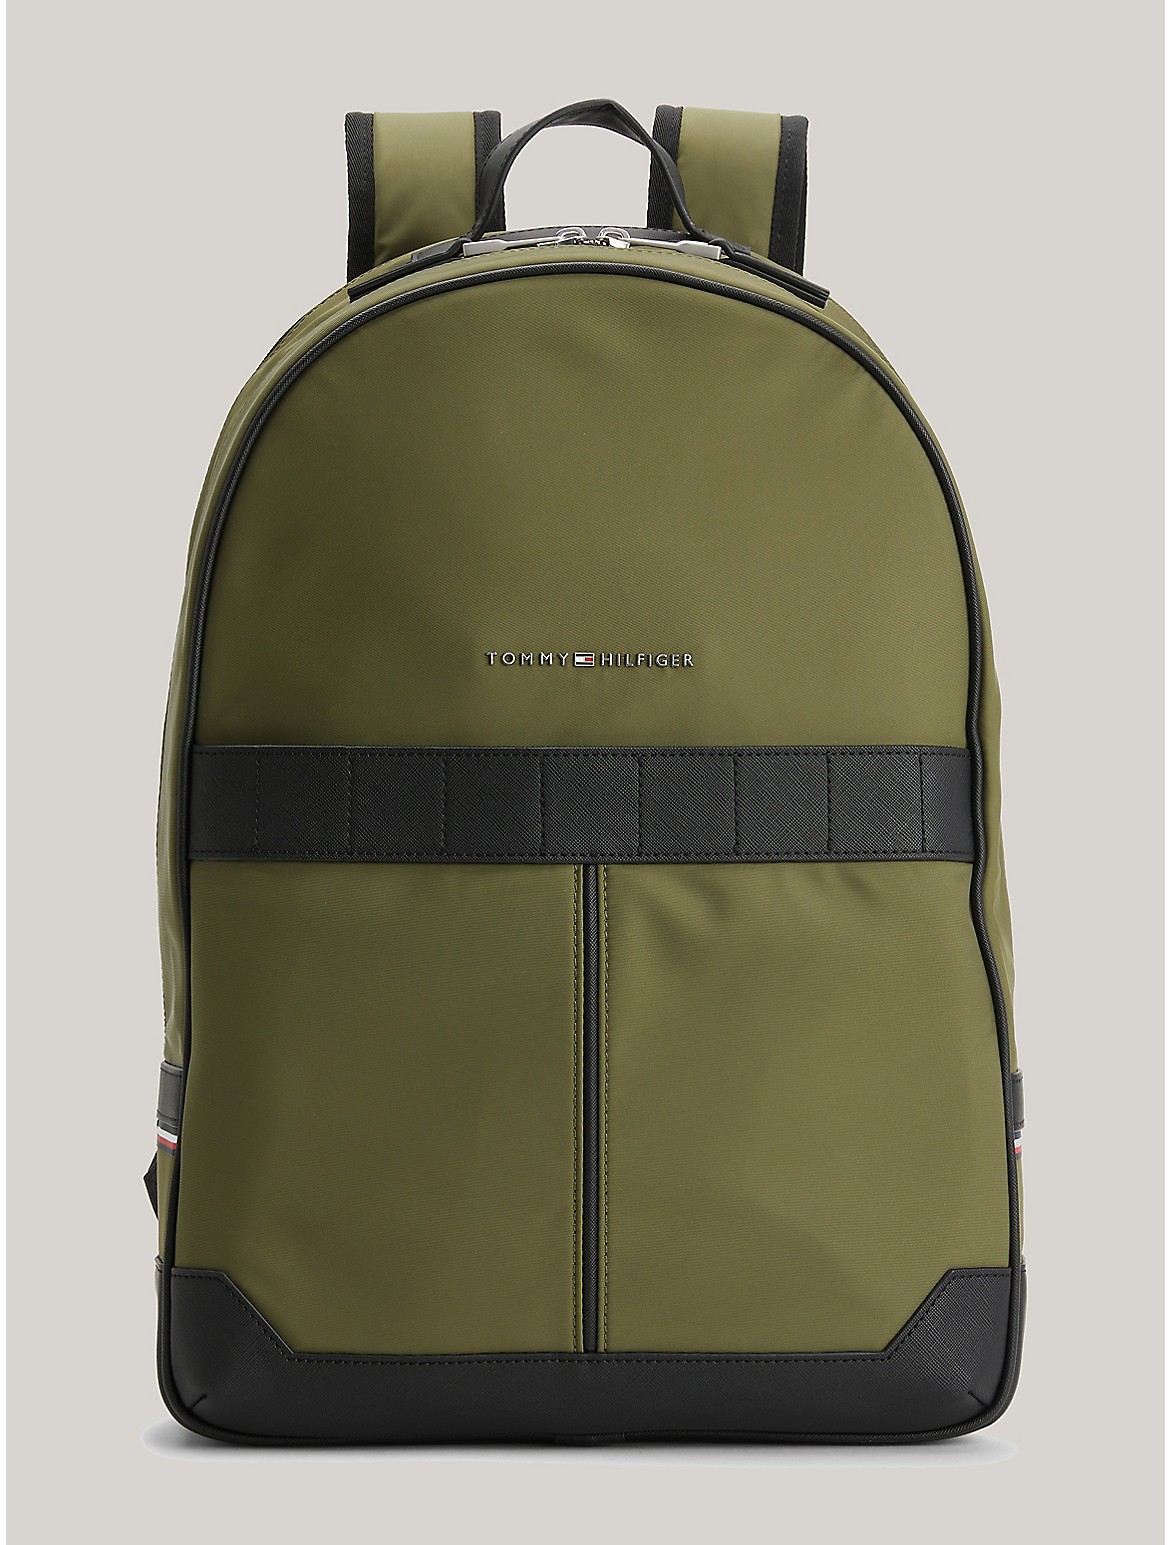 Tommy Hilfiger Men's Commuter Nylon Backpack - Green
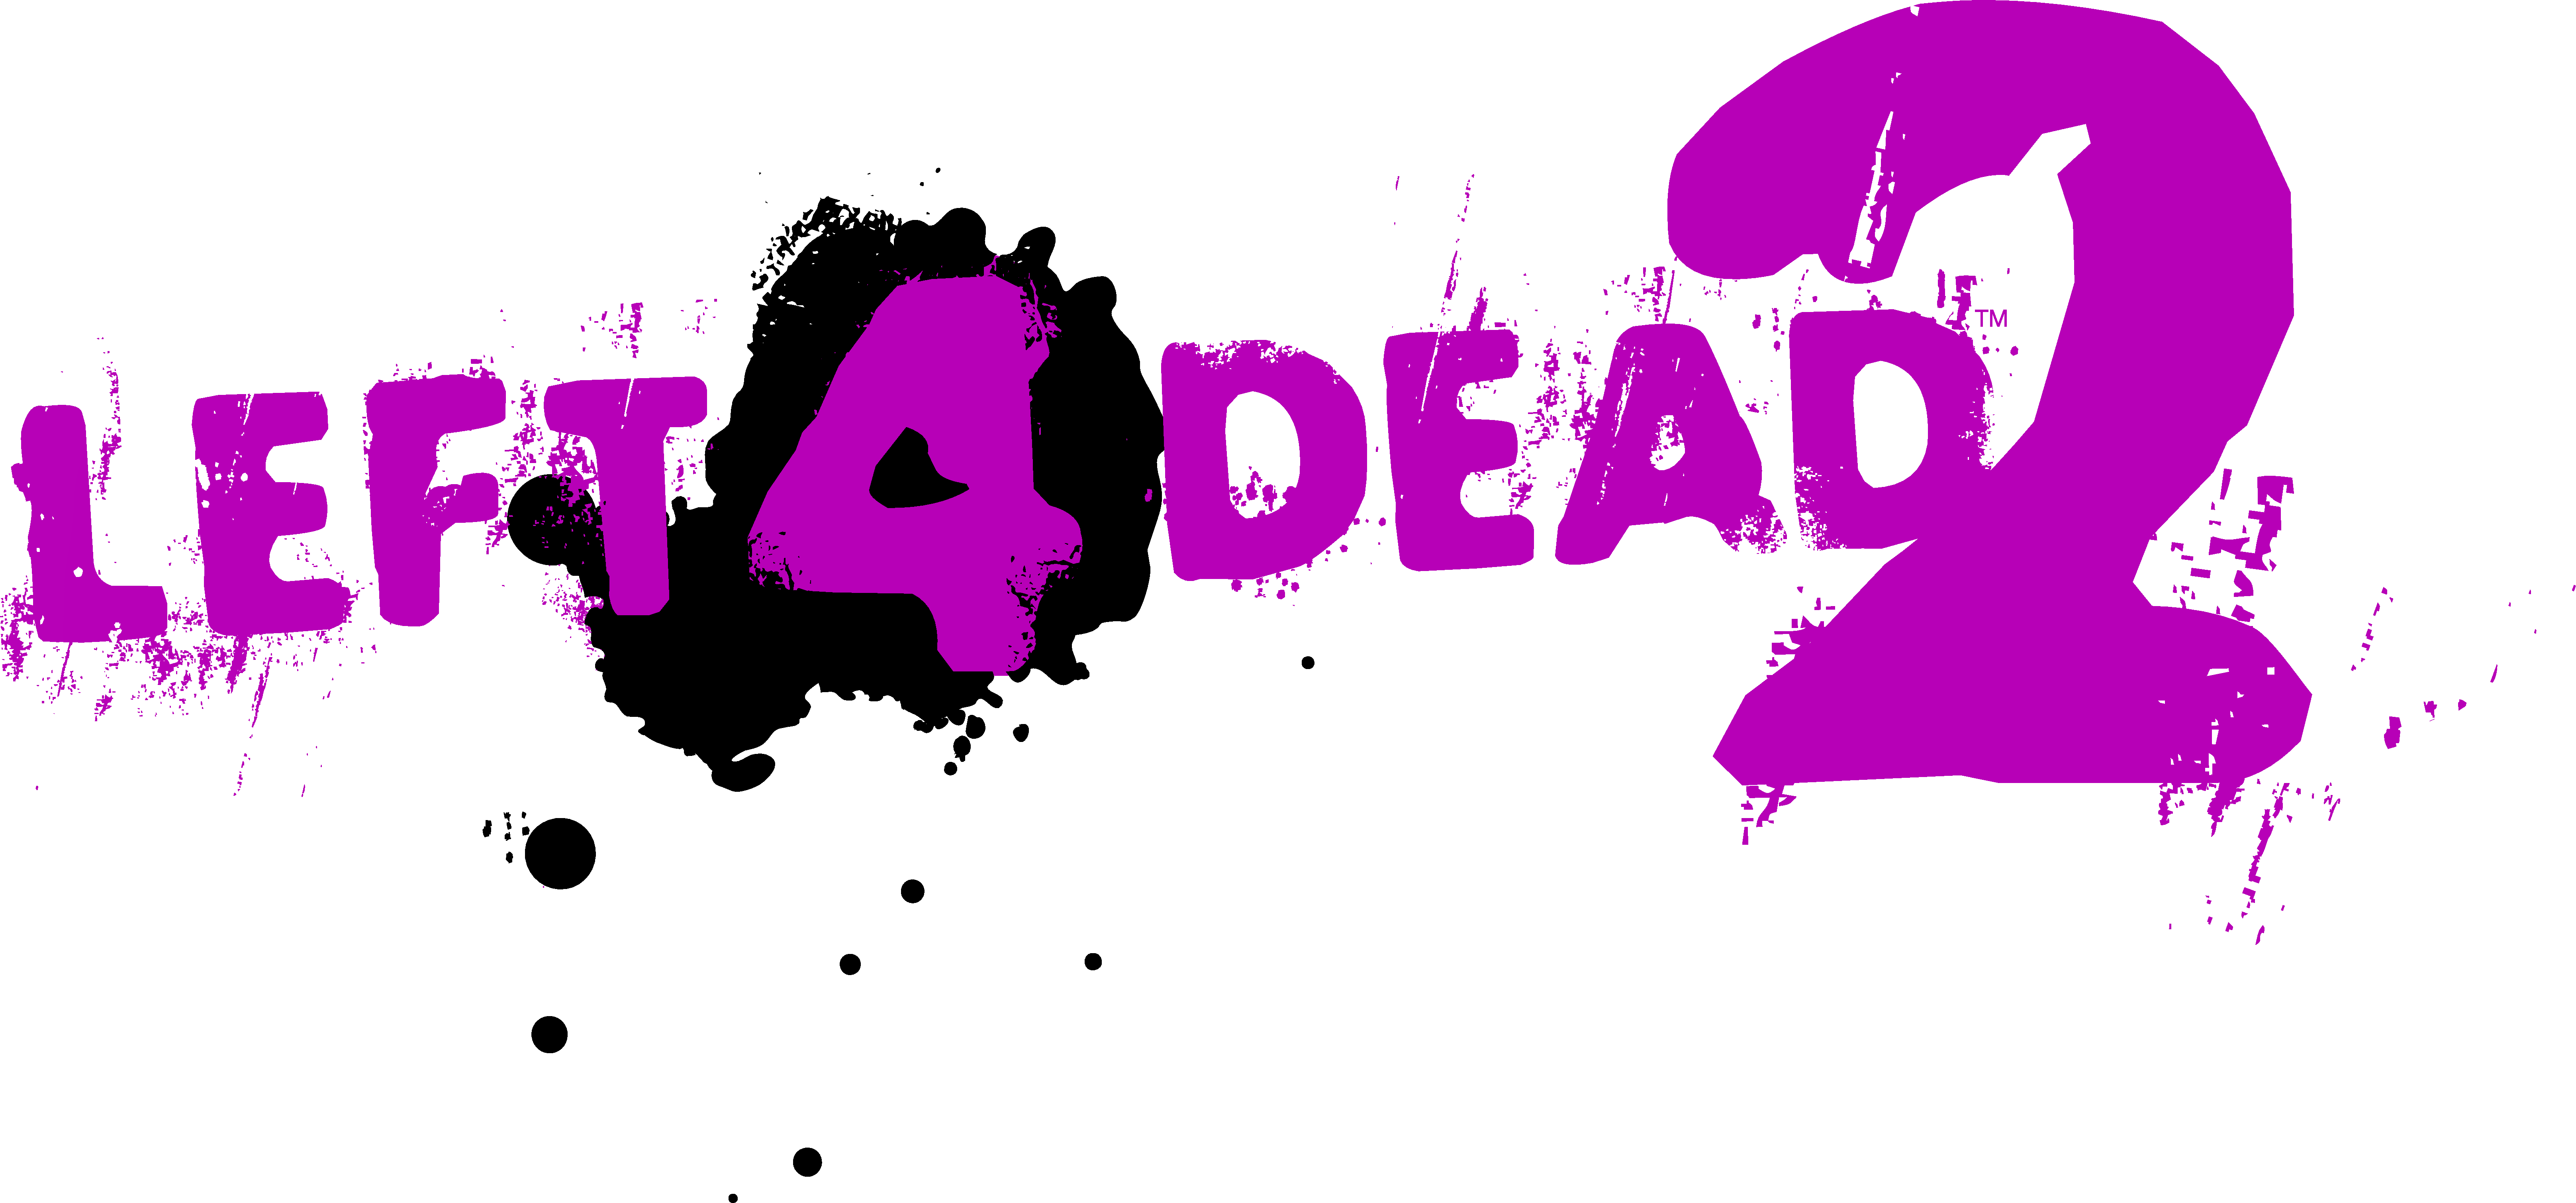 left 4 dead 3 logo
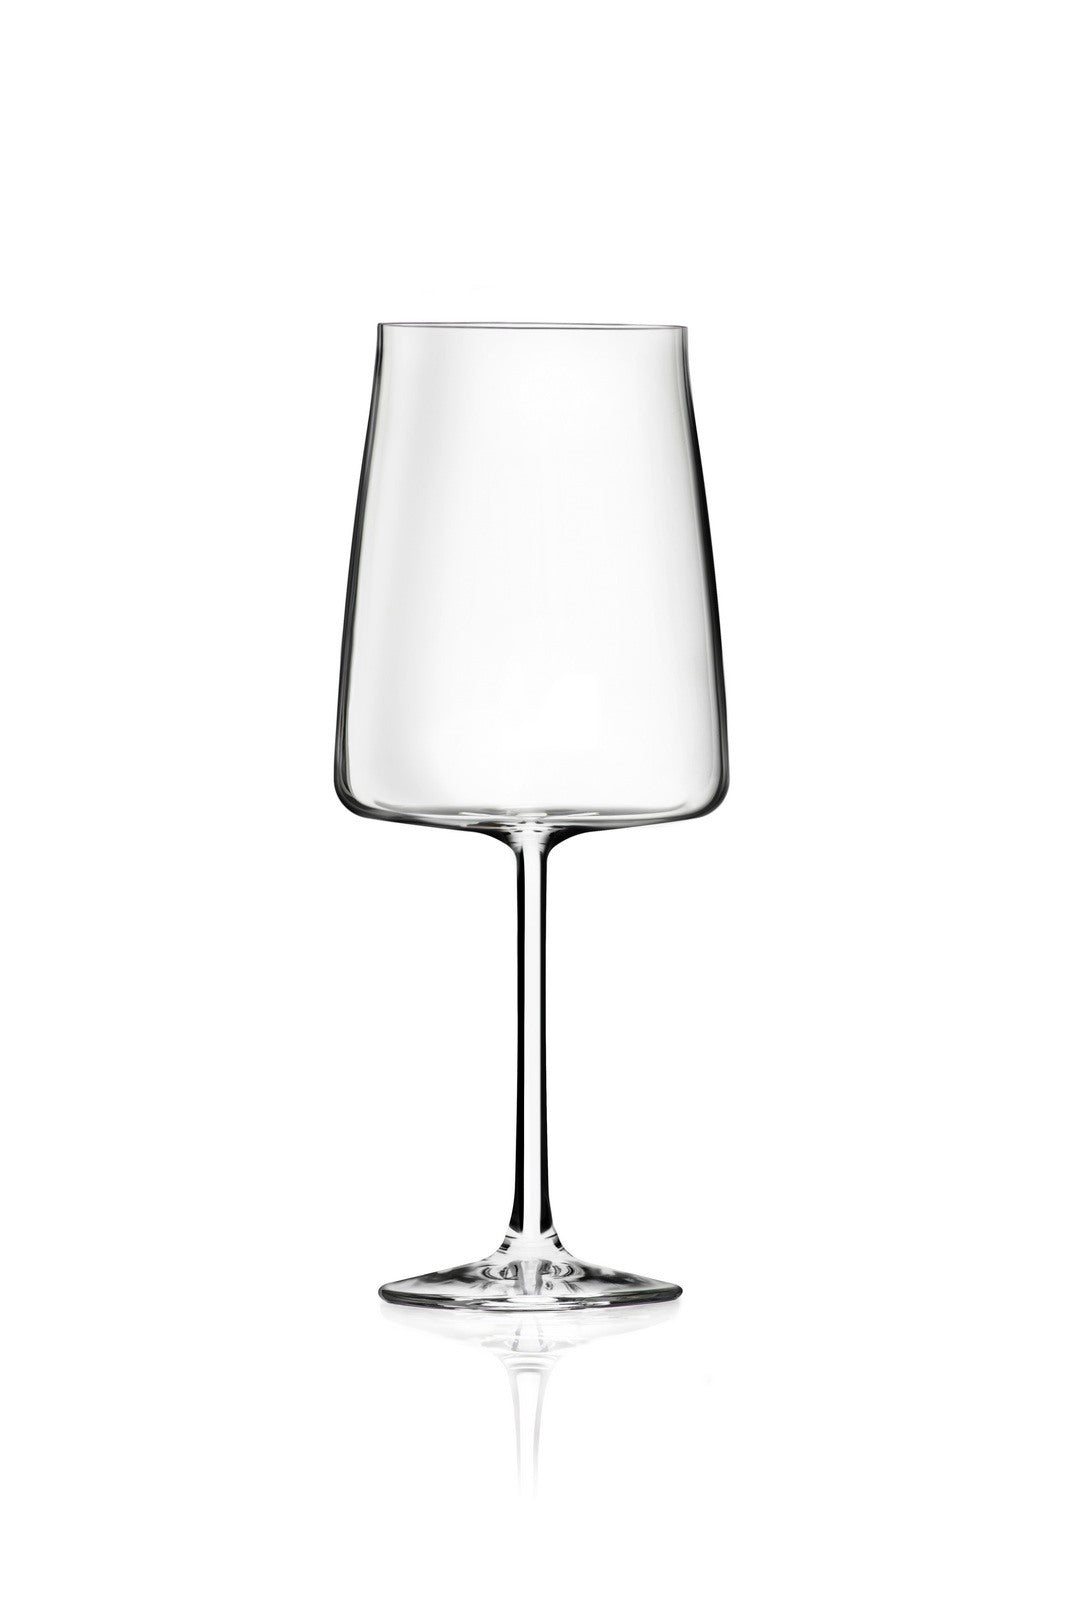 immagine-1-rcr-cristalleria-italiana-essential-e65-set-da-6-calici-vino-in-vetro-ean-8007815272891
※ ※ ※
## Assigned task
The lines from the one holding "left 4 dead 3 logo" through the end of the material above are to be echoed exactly, both ends included. Do not include pictures.

## Response to the exercise
 left 4 dead 3 logo
 immagine-1-rcr-cristalleria-italiana-essential-e65-set-da-6-calici-vino-in-vetro-ean-8007815272891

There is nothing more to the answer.